Drop a `.toml` file into `~/.sprobe/patterns/` and sprobe picks it up automatically:

```toml
id = "my_company_secrets"
category = "file_access"
severity = "critical"
description = "Package attempts to read internal company credentials"
tags = ["custom", "internal"]
expected_for = ["our-internal-tool"]

[detection]
type = "regex"
target = "source"

[[detection.rules]]
pattern = 'INTERNAL_API_KEY'

[[detection.rules]]
pattern = '\.company/credentials'
```

## Threat playbooks

sprobe ships with test packages that simulate real attack patterns. Playbooks are available when running from a source checkout:

| Playbook | Attack type | Expected verdict |
|---|---|---|
| `steals_ssh_key` | Reads SSH keys + exfiltrates via HTTP | BLOCKED |
| `exfiltrates_env` | Steals env vars (API keys, tokens) | BLOCKED |
| `obfuscated_exec` | base64 + exec hidden payload | BLOCKED |
| `honeypot_trigger` | Reads all common credential paths | BLOCKED |
| `delayed_payload` | threading.Timer delayed subprocess | DANGER+ |
| `setup_py_backdoor` | Malicious code in setup.py | BLOCKED |
| `clean_package` | Harmless package (control group) | SAFE |

```bash
python3 -m sprobe test-playbooks
```

All 7 playbooks must pass.
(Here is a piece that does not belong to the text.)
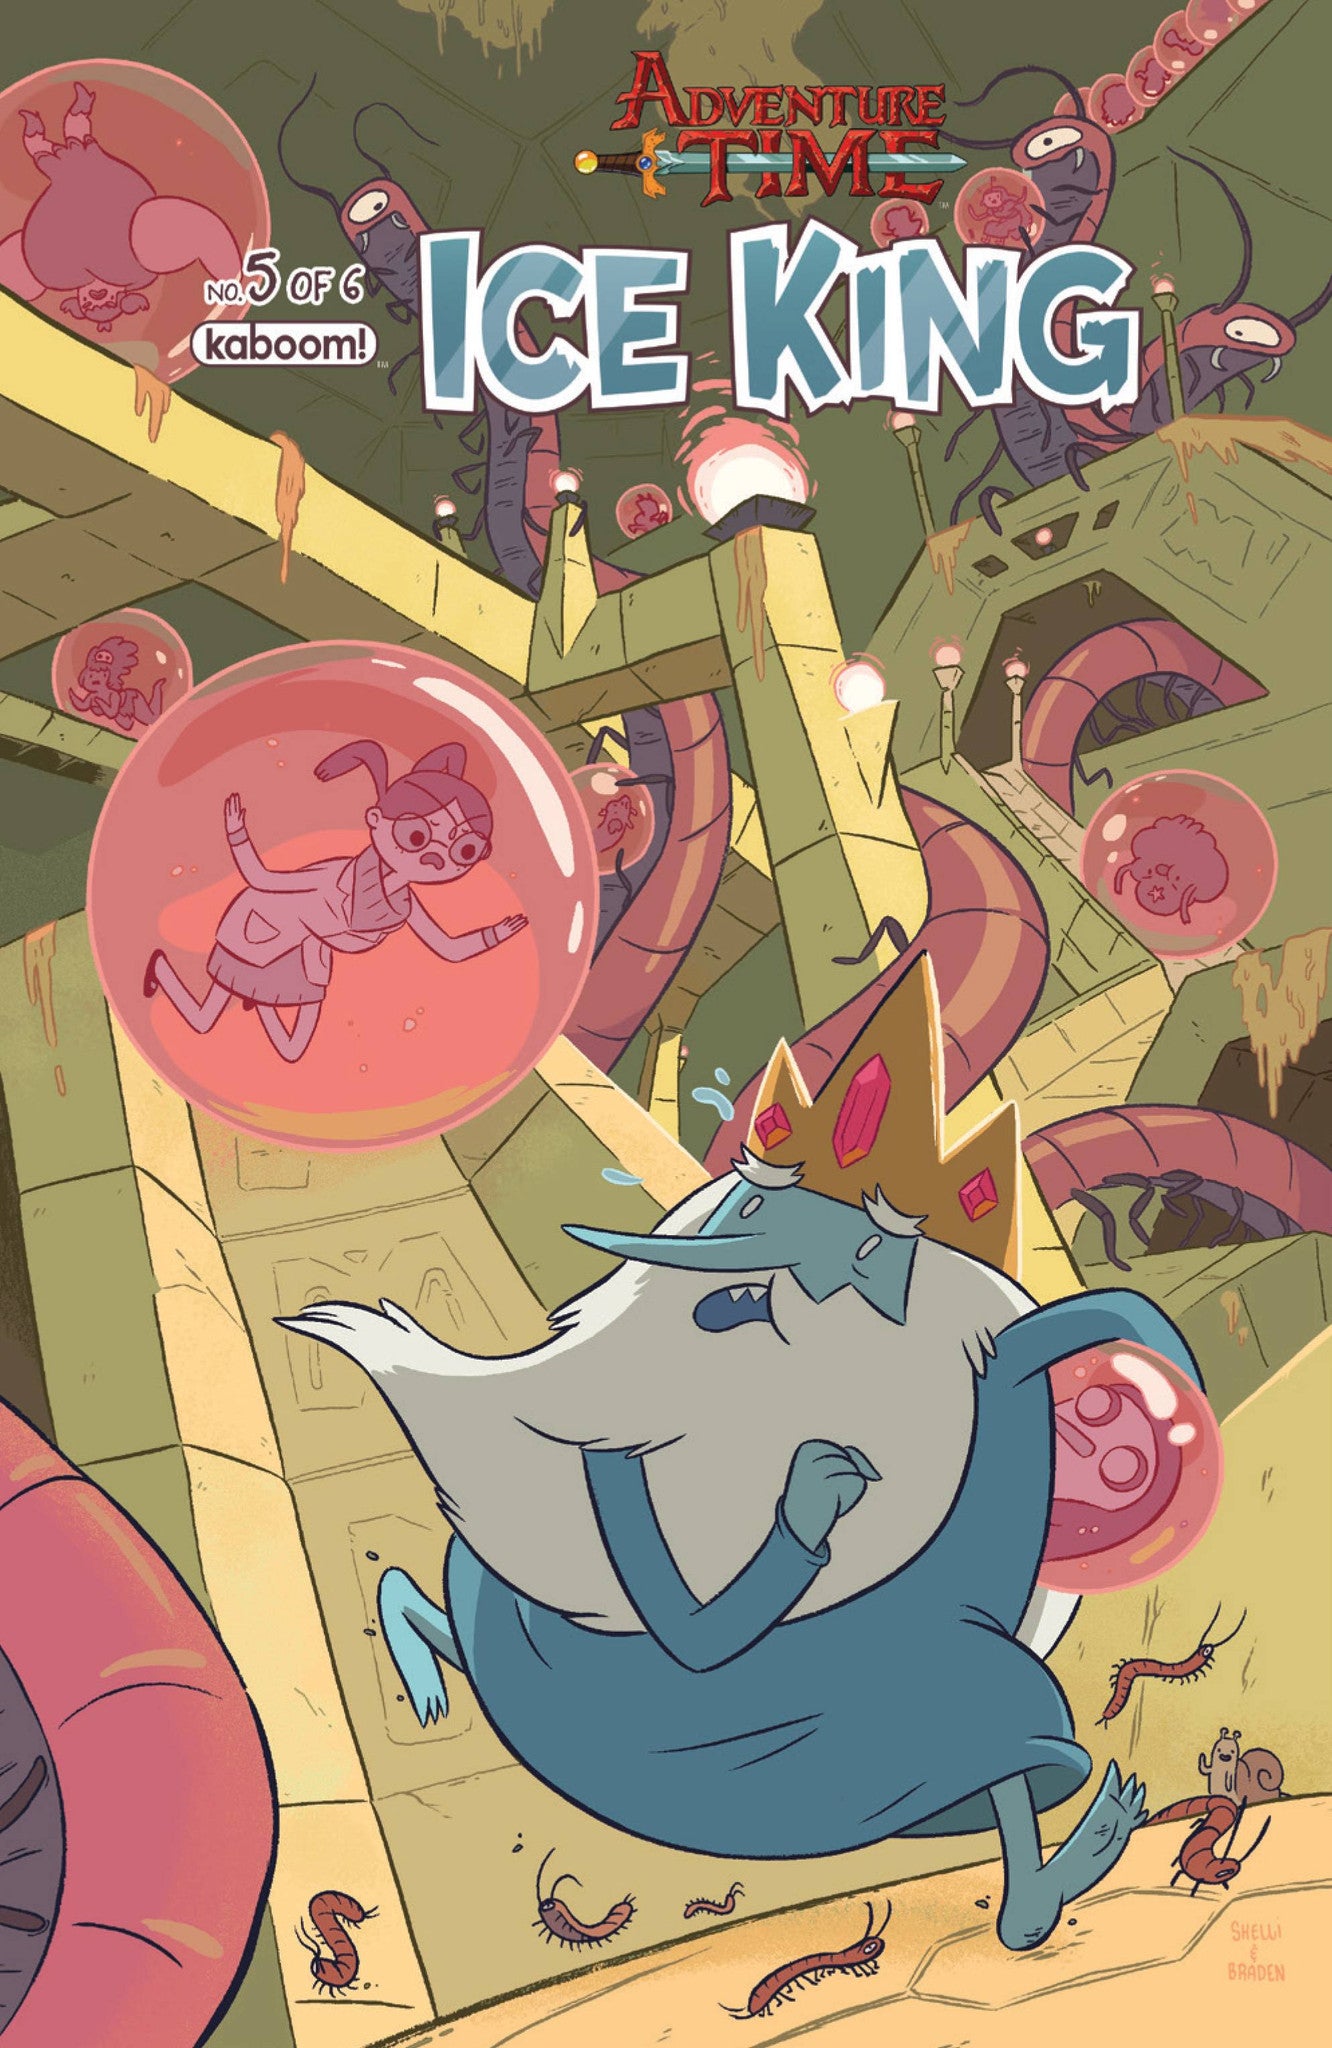 ADVENTURE TIME ICE KING #5 COVER

If any fails, sprobe's detection has regressed.

## Architecture

sprobe follows hexagonal architecture (ports & adapters):

```
sprobe/
  domain/           # Core types: PackageInfo, ScanFinding, RiskVerdict
  ports/            # Protocol definitions (interfaces)
  static_analysis/  # Regex + AST scanners
  metadata/         # PyPI metadata + typosquatting detector
  sandbox/          # bwrap runner + strace parser + honeypots
  scoring/          # Risk scoring engine
  reporting/        # Terminal output (ANSI)
  fetching/         # PyPI downloader with SHA256 verification
  patterns/         # Pattern loader (TOML) + built-in detection rules
```

Every external integration is behind a Protocol. Swap the PyPI fetcher for a private registry adapter by changing one line.

## Security posture

- **Zero runtime dependencies** - attack surface is Python stdlib only
- **SHA256 verification** - every download checked against PyPI's published hash
- **Path traversal protection** - archive unpacking rejects `../` paths
- **Network isolation** - sandbox blocks all outbound connections
- **Honeypot canaries** - unique per session, unpredictable tokens
- **No installation** - sprobe never runs `pip install`, only analyzes source
- **Size limits** - rejects downloads over 50 MB (zip bomb protection)

## License

[PyAutoML Non-Commercial License v1.0](LICENSE)

Free for personal and educational use. Commercial use requires written permission.